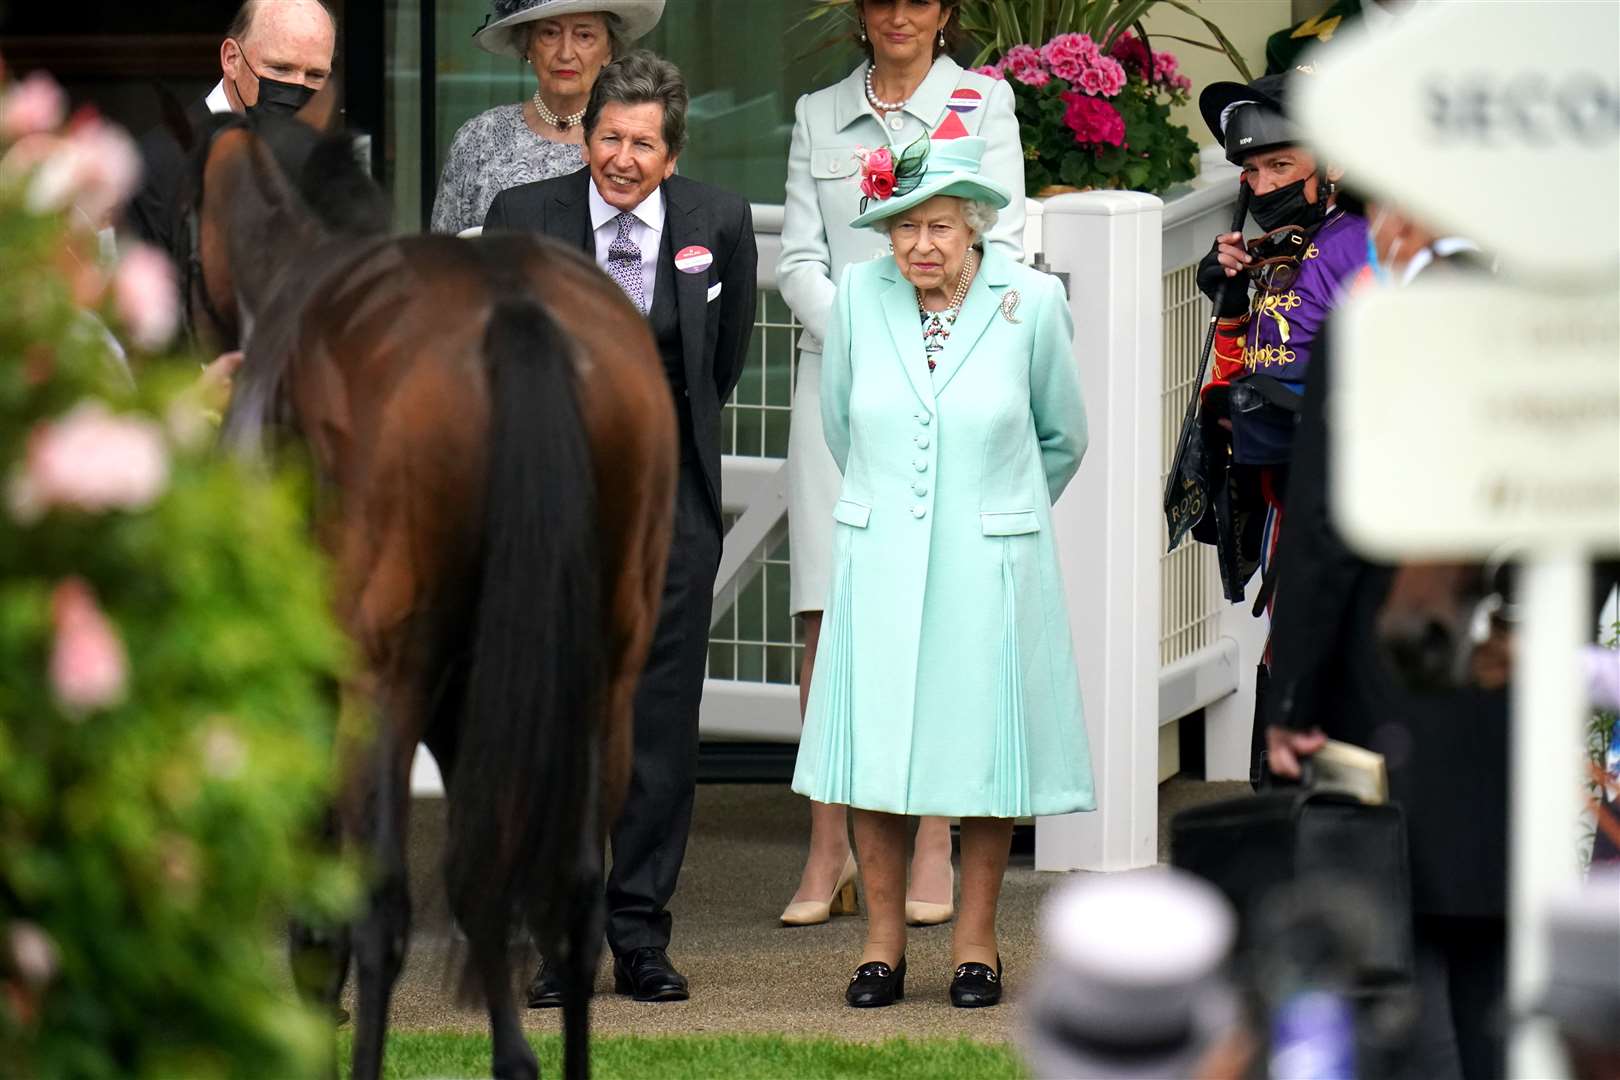 Queen Elizabeth with her racing manager John Warren and jockey Frankie Dettori inspect the monarch’s horse Reach For The Moon during Royal Ascot in 2021 (Andrew Matthews/PA)
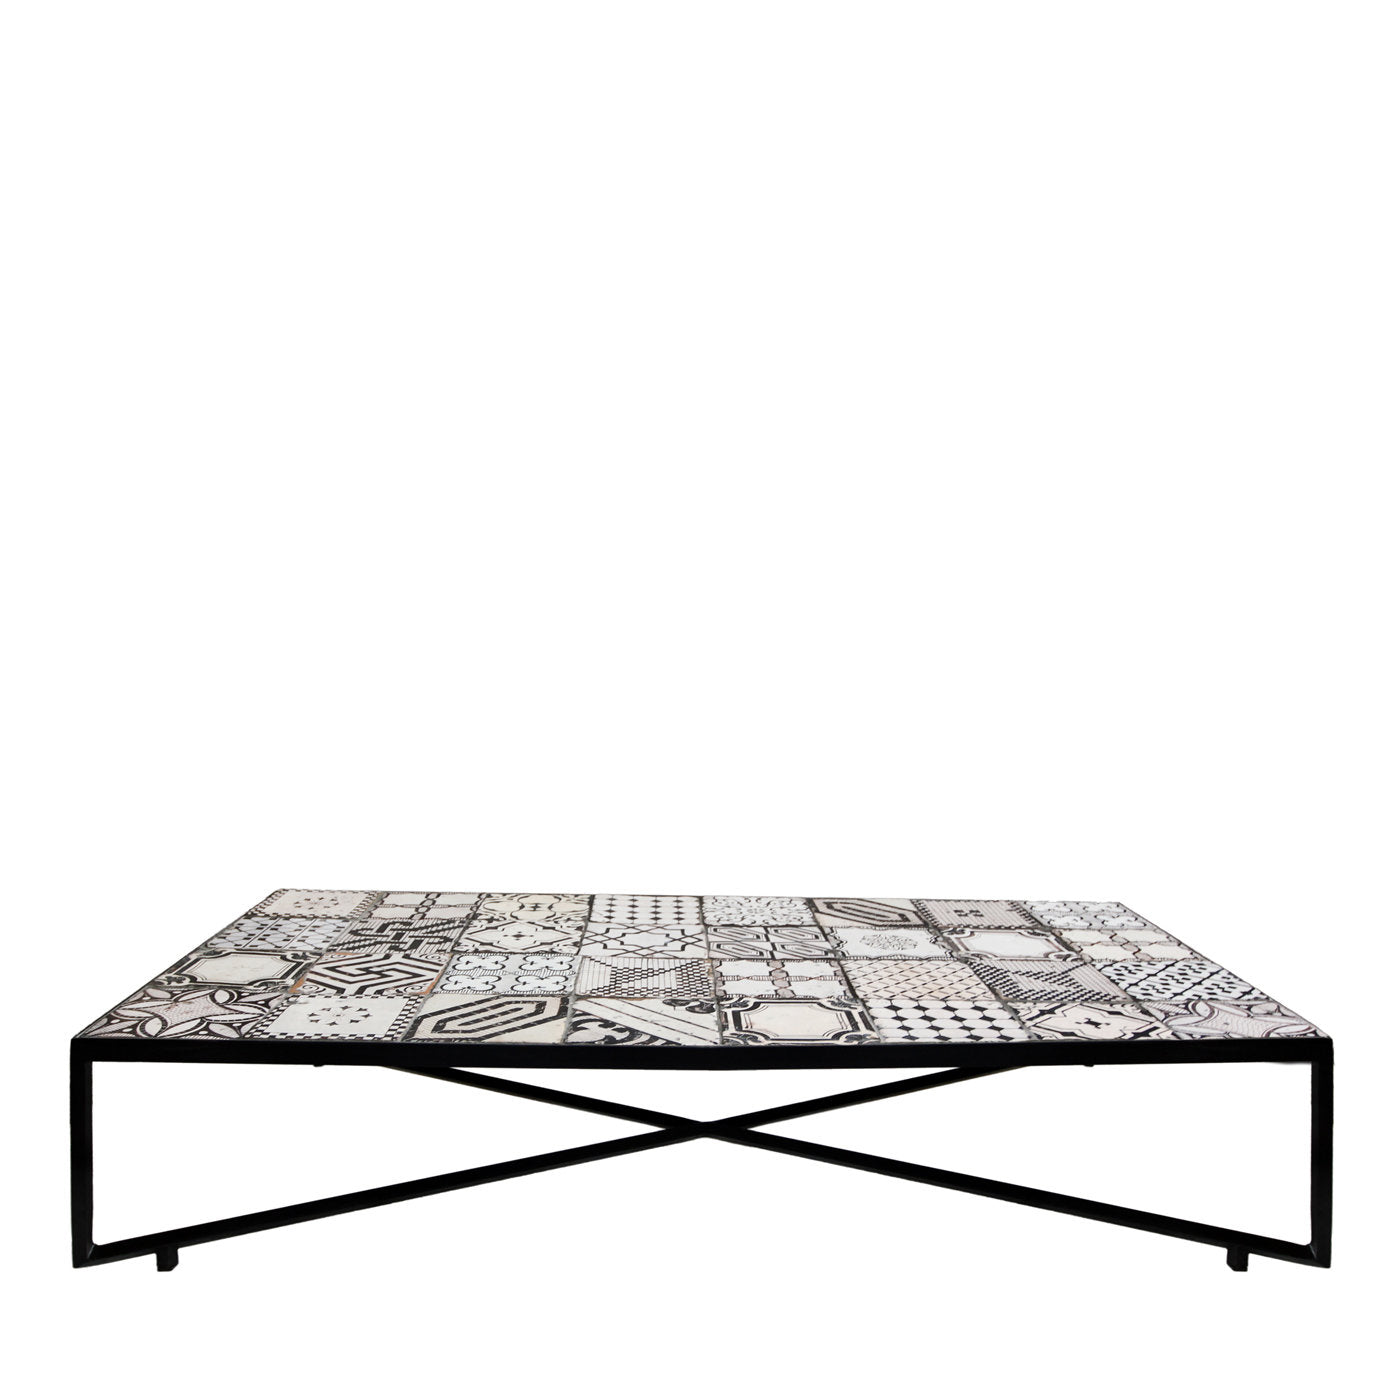 Spider Bespoke Coffee Table - Main view
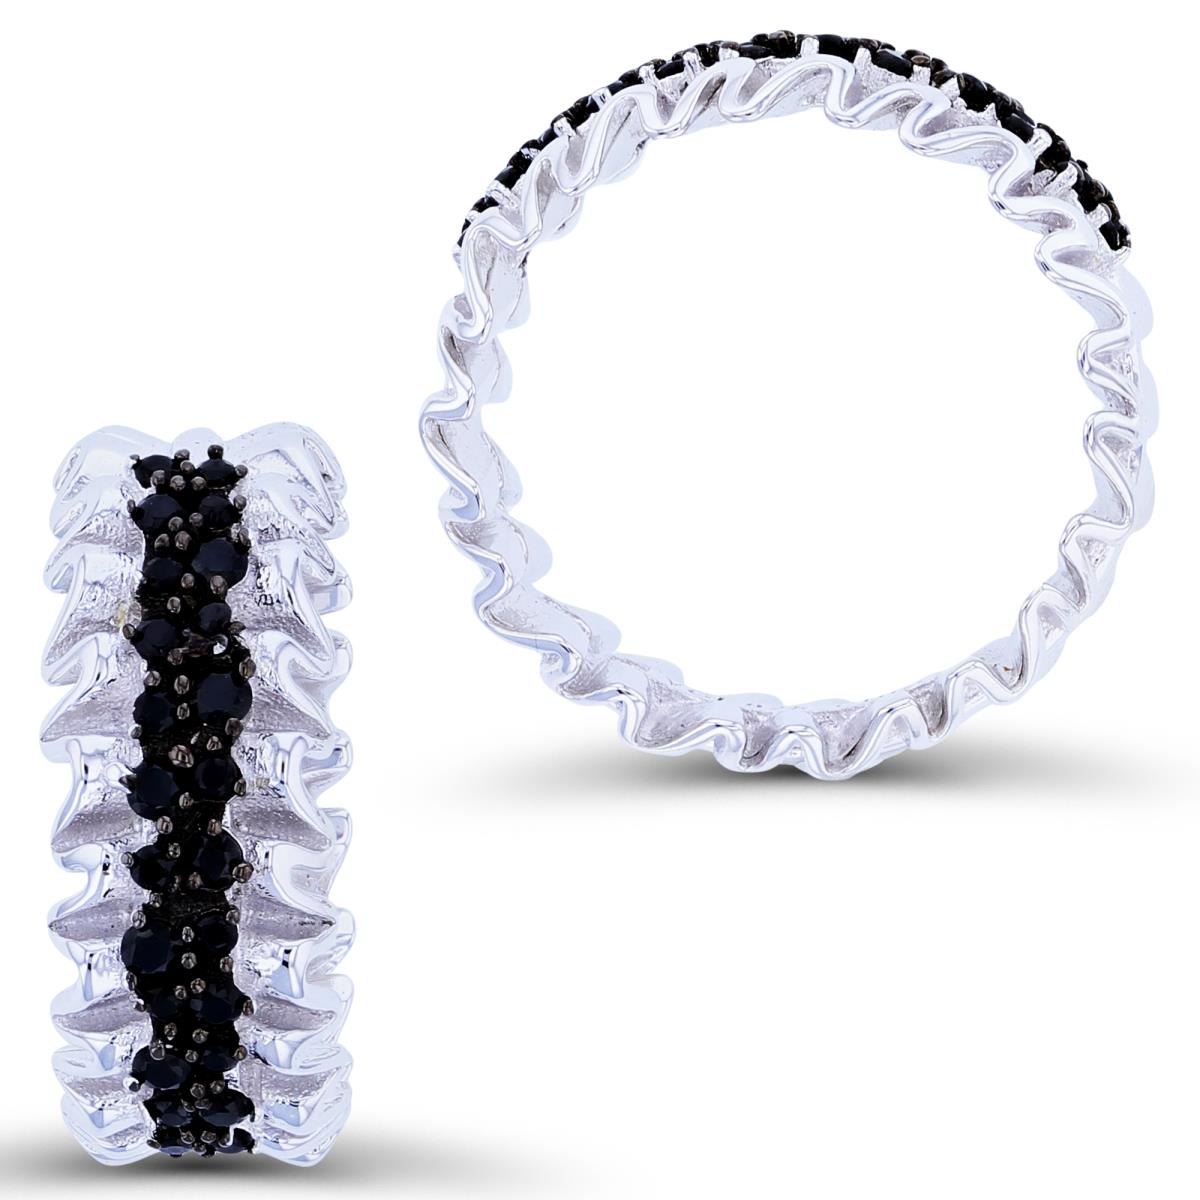 Sterling Silver Two-Tone Rnd Black Spinel Row Center & Alternate Polish/Satin on Waved Sides Band

» **WHAT THE EXERCISE ASKS**
When copying the listing above, begin at its first line and stop after the line with "Spider Bespoke Coffee Table - Main view", keeping each line exact and dropping the pictures.

» **YOUR SOLUTION**
 Queen Elizabeth with her racing manager John Warren and jockey Frankie Dettori inspect the monarch’s horse Reach For The Moon during Royal Ascot in 2021 (Andrew Matthews/PA)
 Spider Bespoke Coffee Table - Main view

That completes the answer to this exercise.